As many of you have already heard, Proposition 8 was ruled unconstitutional by the United States Court of Appeals; indeed this is a great leap towards a better future. However, now that the court of appeals has given its ruling, we are now faced with many questions. Many of us are thinking how this will affect our state but unfortunately it doesn't. The case seems to have focused on the State of California and set precedent there only. But do not despair! There is an extremely large chance that it will reach the nation's Supreme Court. Once it reaches SCOTUS (Supreme Court of the United States) I believe they will declare Prop. 8 unconstitutional. Let me tell you why now that I have become a decent Constitutional interpreter ;)

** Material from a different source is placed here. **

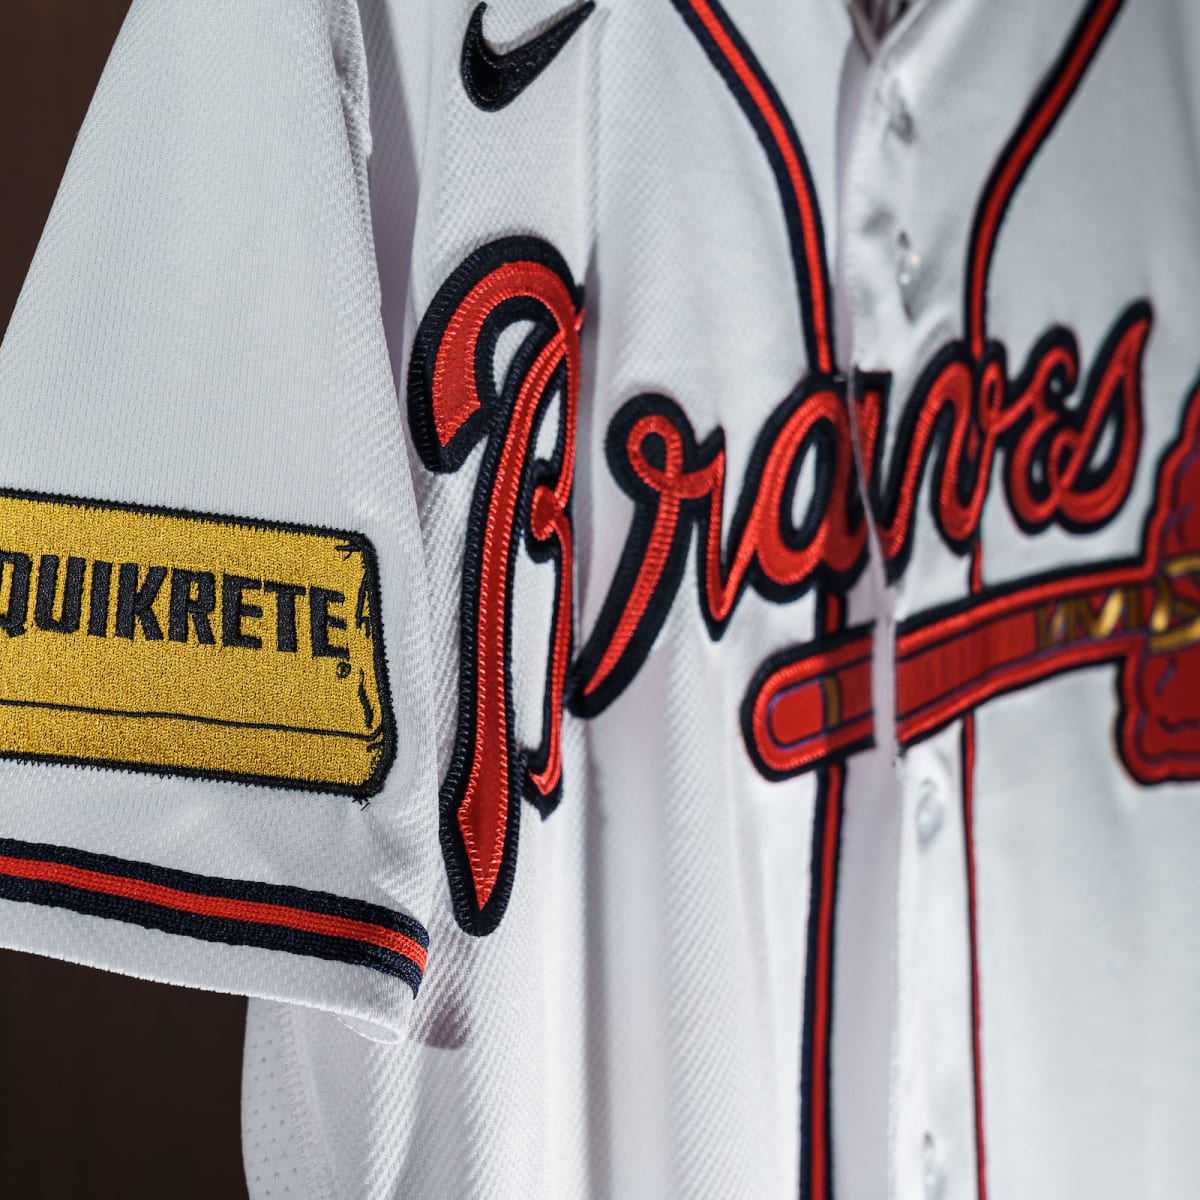 MLB uniforms will have advertising beginning in the 2023 season

The Court of Appeals for the 9th Circuit relied on 14th Amendment Jurisprudence, specifically citing the Due Process Clause and the Equal Protection Clause. The Due Process Clause prohibits state and local governments from depriving persons of life, liberty, or property without proper due process. It was precisely this clause that ended states from prohibiting interracial marriages. Let me refer to a specific historical example: In Loving v. Virginia SCOTUS determined that marriage was a right that all US citizens should enjoy, thus any law prohibiting interracial marriages was depriving US citizens of a right with out proper due process. This case was often predicted to be cited in any case regarding gay marriage. Lo and behold! The court of appeals alluded to Loving v. Virginia. However interestingly enough, the court of appeals did not use Lawrence v. Texas precedent and used strict scrutiny (the highest form of judicial review, often reserved for laws discriminating against races and religious groups and not for gender discrimination). Lawrence v. Texas involved the arrest of two gay men participating in anal sex. One can interpret the precedent set by the latter case in many ways but SCOTUS held that morality cannot be regulated by the individual states or the federal gov't (unless there is a COMPELLING state interest, but that rarely happens). I would have to say that this would shut any moralist out there who argues that the State may indiscriminately create moral laws. Moralists fail in their argument, the law says the state can't.
Furthermore, gays and lesbians (unfortunately there is no mention of trans-folk in the opinion of Court of Appeals) are not protected equally under the law of California. Instead they are treated as second class citizens stripped of the right to marry, as claimed in Loving v. Virginia. The Equal Protection Clause protects citizens from being exposed to unjust and cruel laws by both the individual states and the federal government. Although many argue that such laws broaden the federal government's powers while it makes the States' power moot. That point is advocated by those who believe in a smaller government, but I have to retort. I see no better way to create a smaller government by imposing on them such a maxim: we the people have chosen not to have cruel and unjust laws imposed upon us; It is precisely what the 14th Amendment does. It incorporates the Bill of Rights into the States (yes there was a time where a state may proclaim a state religion or ban certain types of speech), protects our rights from being taken away without proper due process and it protects us from being treated unequally under the law by the government.
I myself have thought of how same-sex marriage bans could be declared unconstitutional, and there are many ways. The main and most powerful way is to invoke 14th Amendment jurisprudence. Another interesting way could be a more active initiative taken by Congress (yeah right) and justifying the law under the Commerce Clause. That way the federal government can claim that they can declare same-sex marriage bans void because it gives other states unfair advantages in commerce. For example Congress may say that many queer professionals are leaving Texas and are going to other states like Washington, Massachusetts, New York etc. and because of those reasons Congress may ban such laws in order to regulate commerce between the states; thus all states can compete equally. However it is clear that the US will not take that route and instead take a more dramatic one.
Whatever cases the Court decides to cite as precedent may not ultimately matter because as we can see, the Supreme Law of the Land (Article VI, Clause 2) makes it clear that queer people are protected from cruel laws. Now let us hope that our federal democratic republic lives up to its words and continues its journey to create a more perfect union.